━━━━━ INFORMATION SHOWN ━━━━━
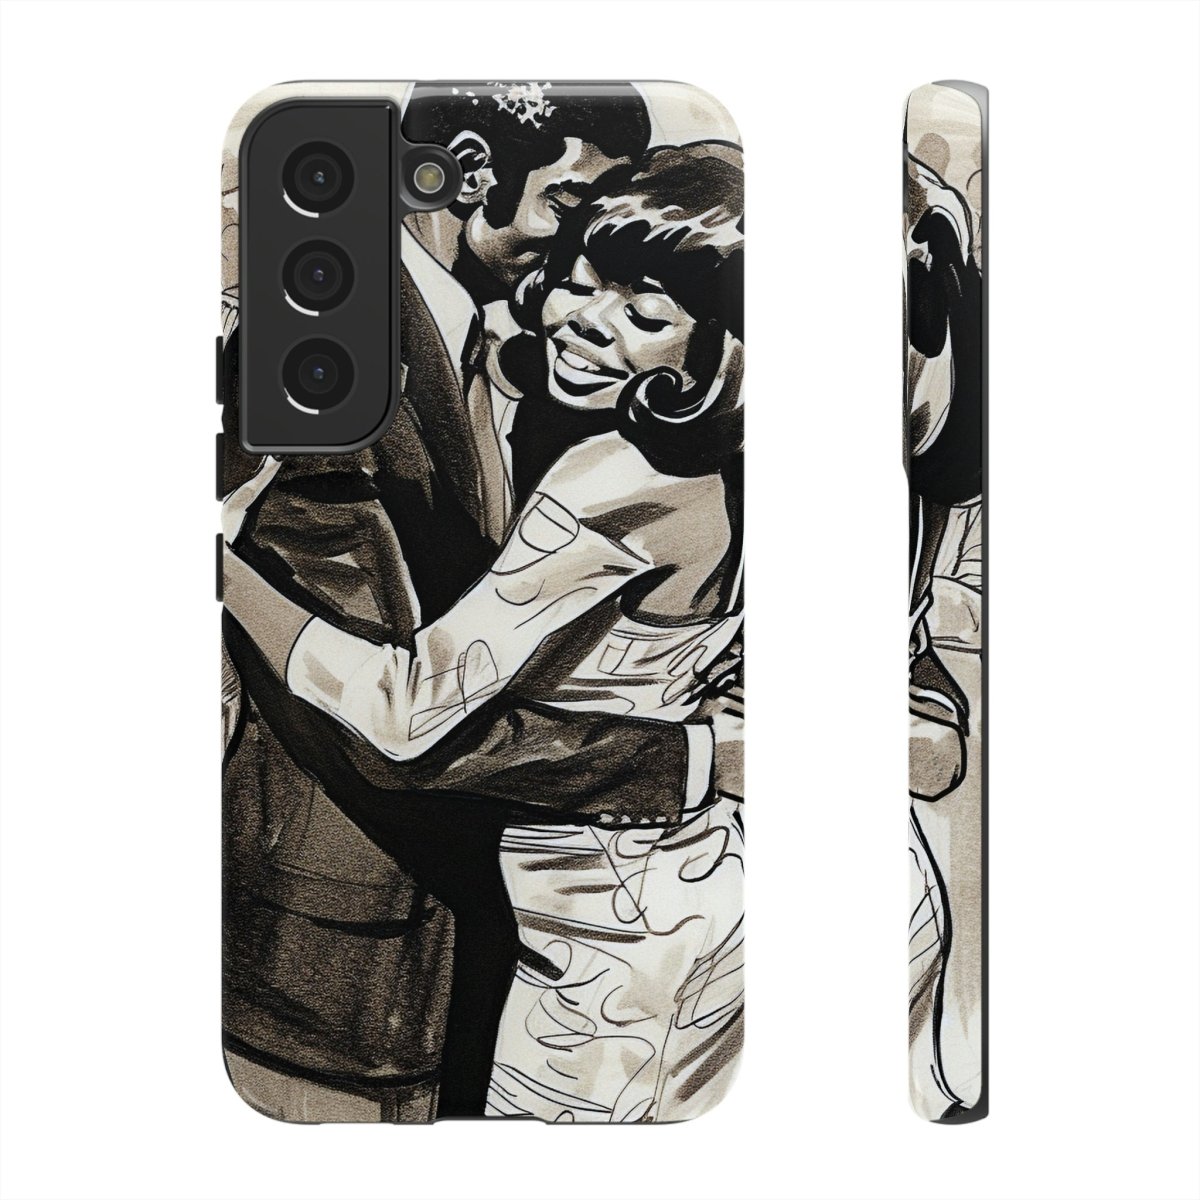 Vintage Hug Phone Case - The Trini Gee
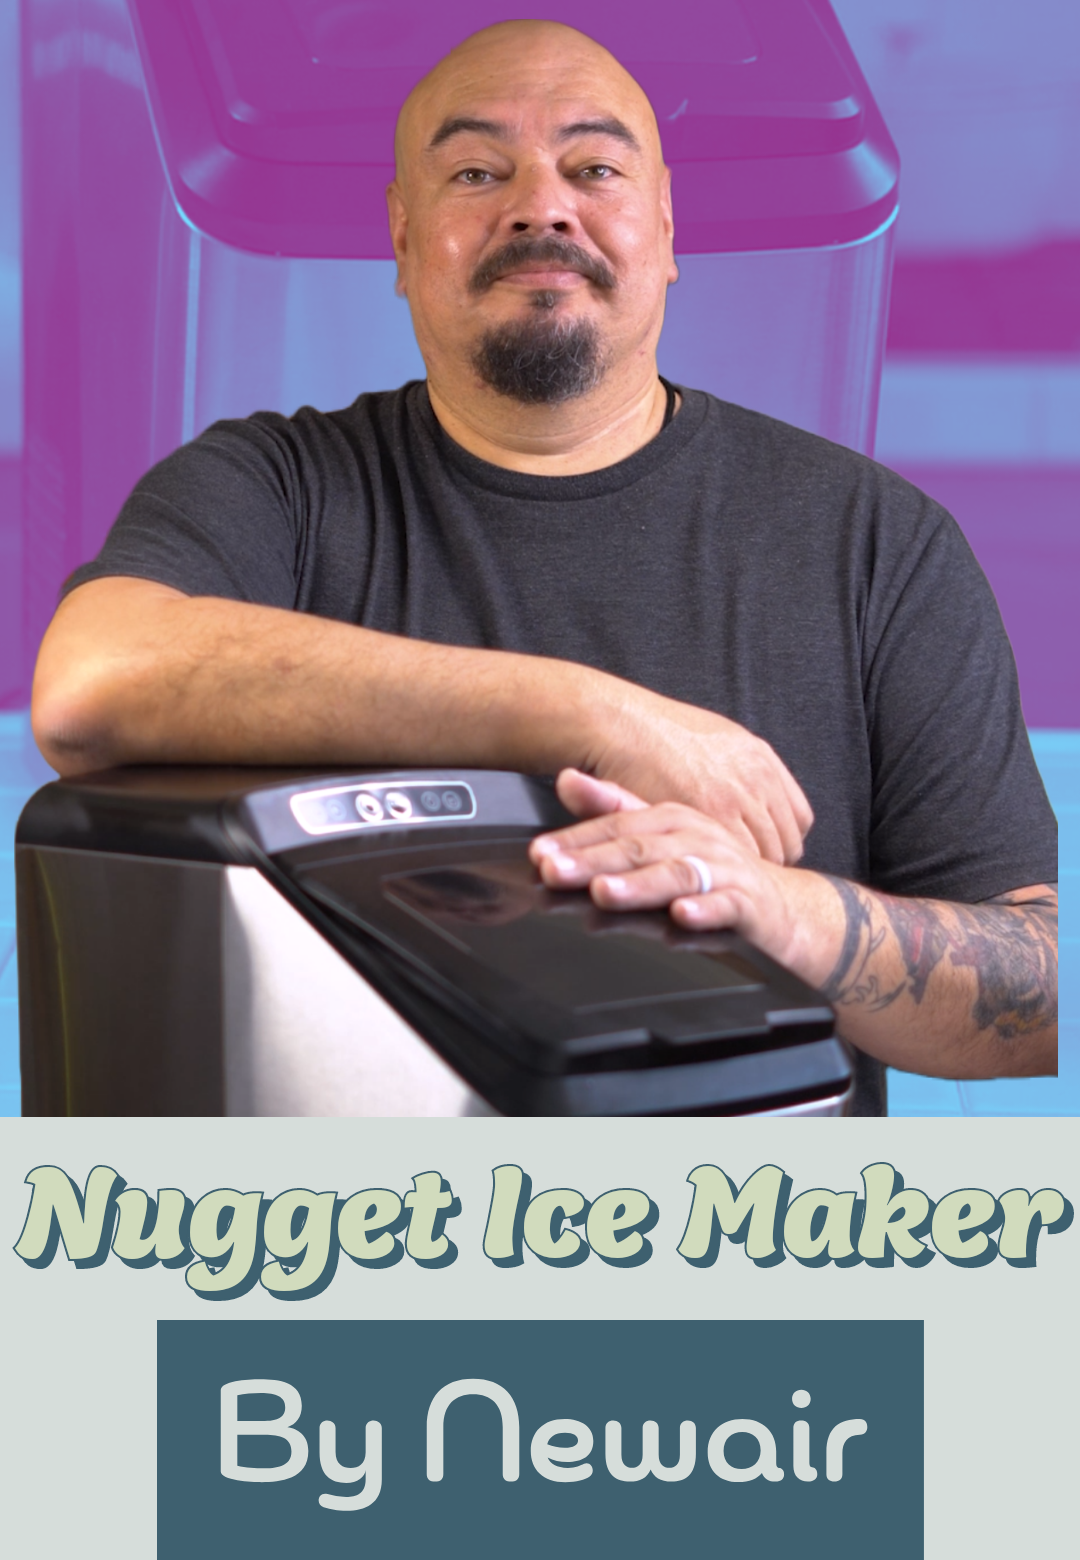 Newair Nugget Ice Maker
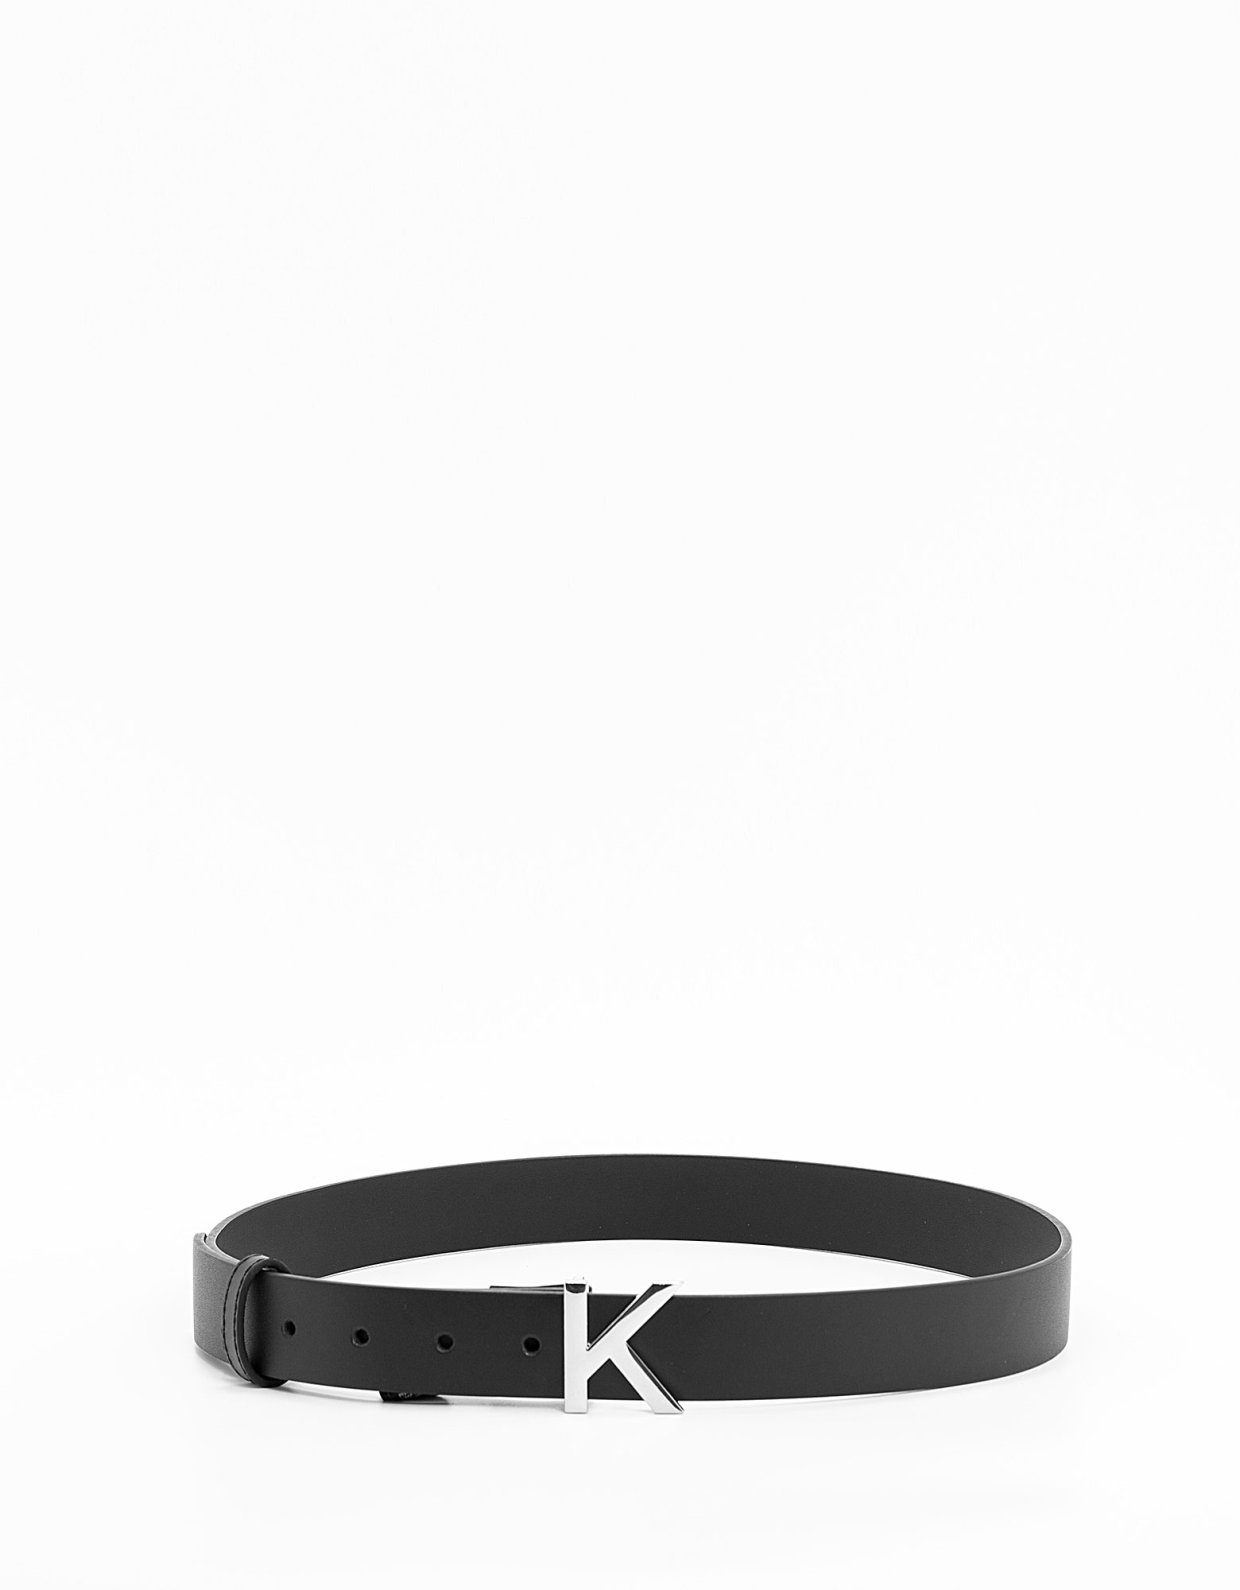 Kendall + Kylie Leather soft KK belt black
━━━━━
Leaving the pictures out, write out all the material above exactly.

» EXERCISE RESULT:
 Vintage Hug Phone Case - The Trini Gee
 Newair Nugget Ice Maker
 Kendall + Kylie Leather soft KK belt black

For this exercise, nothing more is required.